*** Opening of EXERCISE MATERIALS ***

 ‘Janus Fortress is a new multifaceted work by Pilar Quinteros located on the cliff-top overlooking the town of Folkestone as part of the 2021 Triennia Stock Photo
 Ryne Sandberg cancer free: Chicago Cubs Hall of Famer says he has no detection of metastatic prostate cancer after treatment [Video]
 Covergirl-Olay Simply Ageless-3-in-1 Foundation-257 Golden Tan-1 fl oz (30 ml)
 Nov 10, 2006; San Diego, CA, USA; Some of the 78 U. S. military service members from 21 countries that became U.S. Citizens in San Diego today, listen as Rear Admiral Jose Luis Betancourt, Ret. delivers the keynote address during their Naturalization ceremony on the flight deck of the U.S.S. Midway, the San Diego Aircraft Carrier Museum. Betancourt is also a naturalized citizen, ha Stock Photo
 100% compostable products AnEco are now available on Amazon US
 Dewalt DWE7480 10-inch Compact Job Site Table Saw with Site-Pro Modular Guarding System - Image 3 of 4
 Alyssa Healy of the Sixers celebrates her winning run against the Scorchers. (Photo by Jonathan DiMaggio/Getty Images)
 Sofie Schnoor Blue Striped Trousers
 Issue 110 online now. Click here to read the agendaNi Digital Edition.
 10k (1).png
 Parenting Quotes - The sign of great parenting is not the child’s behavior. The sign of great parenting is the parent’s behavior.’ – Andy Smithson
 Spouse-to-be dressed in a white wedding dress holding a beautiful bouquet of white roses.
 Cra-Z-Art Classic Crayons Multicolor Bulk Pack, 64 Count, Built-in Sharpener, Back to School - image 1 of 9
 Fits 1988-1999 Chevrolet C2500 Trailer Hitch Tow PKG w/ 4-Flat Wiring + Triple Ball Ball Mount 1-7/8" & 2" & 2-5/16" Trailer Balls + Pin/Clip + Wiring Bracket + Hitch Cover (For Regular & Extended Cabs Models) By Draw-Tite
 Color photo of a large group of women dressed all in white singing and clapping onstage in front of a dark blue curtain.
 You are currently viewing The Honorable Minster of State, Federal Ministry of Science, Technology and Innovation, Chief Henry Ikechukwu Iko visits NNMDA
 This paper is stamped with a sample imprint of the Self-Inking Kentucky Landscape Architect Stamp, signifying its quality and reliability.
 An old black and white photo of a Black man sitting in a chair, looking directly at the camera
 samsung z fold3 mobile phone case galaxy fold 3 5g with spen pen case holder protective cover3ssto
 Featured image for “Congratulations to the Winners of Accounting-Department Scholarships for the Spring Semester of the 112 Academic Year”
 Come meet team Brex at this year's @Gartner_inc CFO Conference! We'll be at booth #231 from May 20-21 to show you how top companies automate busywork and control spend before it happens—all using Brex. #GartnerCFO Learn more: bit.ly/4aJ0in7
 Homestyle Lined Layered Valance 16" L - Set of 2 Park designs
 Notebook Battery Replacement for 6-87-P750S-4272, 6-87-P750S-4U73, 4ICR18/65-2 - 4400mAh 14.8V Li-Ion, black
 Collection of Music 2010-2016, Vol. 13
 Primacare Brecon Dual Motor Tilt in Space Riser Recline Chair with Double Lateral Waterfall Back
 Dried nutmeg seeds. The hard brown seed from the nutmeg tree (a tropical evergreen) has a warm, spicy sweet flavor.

*** Close of EXERCISE MATERIALS ***

EXERCISE AIM: Retype the listing exactly, in full.

COMPLETED TASK:
 ‘Janus Fortress is a new multifaceted work by Pilar Quinteros located on the cliff-top overlooking the town of Folkestone as part of the 2021 Triennia Stock Photo
 Ryne Sandberg cancer free: Chicago Cubs Hall of Famer says he has no detection of metastatic prostate cancer after treatment [Video]
 Covergirl-Olay Simply Ageless-3-in-1 Foundation-257 Golden Tan-1 fl oz (30 ml)
 Nov 10, 2006; San Diego, CA, USA; Some of the 78 U. S. military service members from 21 countries that became U.S. Citizens in San Diego today, listen as Rear Admiral Jose Luis Betancourt, Ret. delivers the keynote address during their Naturalization ceremony on the flight deck of the U.S.S. Midway, the San Diego Aircraft Carrier Museum. Betancourt is also a naturalized citizen, ha Stock Photo
 100% compostable products AnEco are now available on Amazon US
 Dewalt DWE7480 10-inch Compact Job Site Table Saw with Site-Pro Modular Guarding System - Image 3 of 4
 Alyssa Healy of the Sixers celebrates her winning run against the Scorchers. (Photo by Jonathan DiMaggio/Getty Images)
 Sofie Schnoor Blue Striped Trousers
 Issue 110 online now. Click here to read the agendaNi Digital Edition.
 10k (1).png
 Parenting Quotes - The sign of great parenting is not the child’s behavior. The sign of great parenting is the parent’s behavior.’ – Andy Smithson
 Spouse-to-be dressed in a white wedding dress holding a beautiful bouquet of white roses.
 Cra-Z-Art Classic Crayons Multicolor Bulk Pack, 64 Count, Built-in Sharpener, Back to School - image 1 of 9
 Fits 1988-1999 Chevrolet C2500 Trailer Hitch Tow PKG w/ 4-Flat Wiring + Triple Ball Ball Mount 1-7/8" & 2" & 2-5/16" Trailer Balls + Pin/Clip + Wiring Bracket + Hitch Cover (For Regular & Extended Cabs Models) By Draw-Tite
 Color photo of a large group of women dressed all in white singing and clapping onstage in front of a dark blue curtain.
 You are currently viewing The Honorable Minster of State, Federal Ministry of Science, Technology and Innovation, Chief Henry Ikechukwu Iko visits NNMDA
 This paper is stamped with a sample imprint of the Self-Inking Kentucky Landscape Architect Stamp, signifying its quality and reliability.
 An old black and white photo of a Black man sitting in a chair, looking directly at the camera
 samsung z fold3 mobile phone case galaxy fold 3 5g with spen pen case holder protective cover3ssto
 Featured image for “Congratulations to the Winners of Accounting-Department Scholarships for the Spring Semester of the 112 Academic Year”
 Come meet team Brex at this year's @Gartner_inc CFO Conference! We'll be at booth #231 from May 20-21 to show you how top companies automate busywork and control spend before it happens—all using Brex. #GartnerCFO Learn more: bit.ly/4aJ0in7
 Homestyle Lined Layered Valance 16" L - Set of 2 Park designs
 Notebook Battery Replacement for 6-87-P750S-4272, 6-87-P750S-4U73, 4ICR18/65-2 - 4400mAh 14.8V Li-Ion, black
 Collection of Music 2010-2016, Vol. 13
 Primacare Brecon Dual Motor Tilt in Space Riser Recline Chair with Double Lateral Waterfall Back
 Dried nutmeg seeds. The hard brown seed from the nutmeg tree (a tropical evergreen) has a warm, spicy sweet flavor.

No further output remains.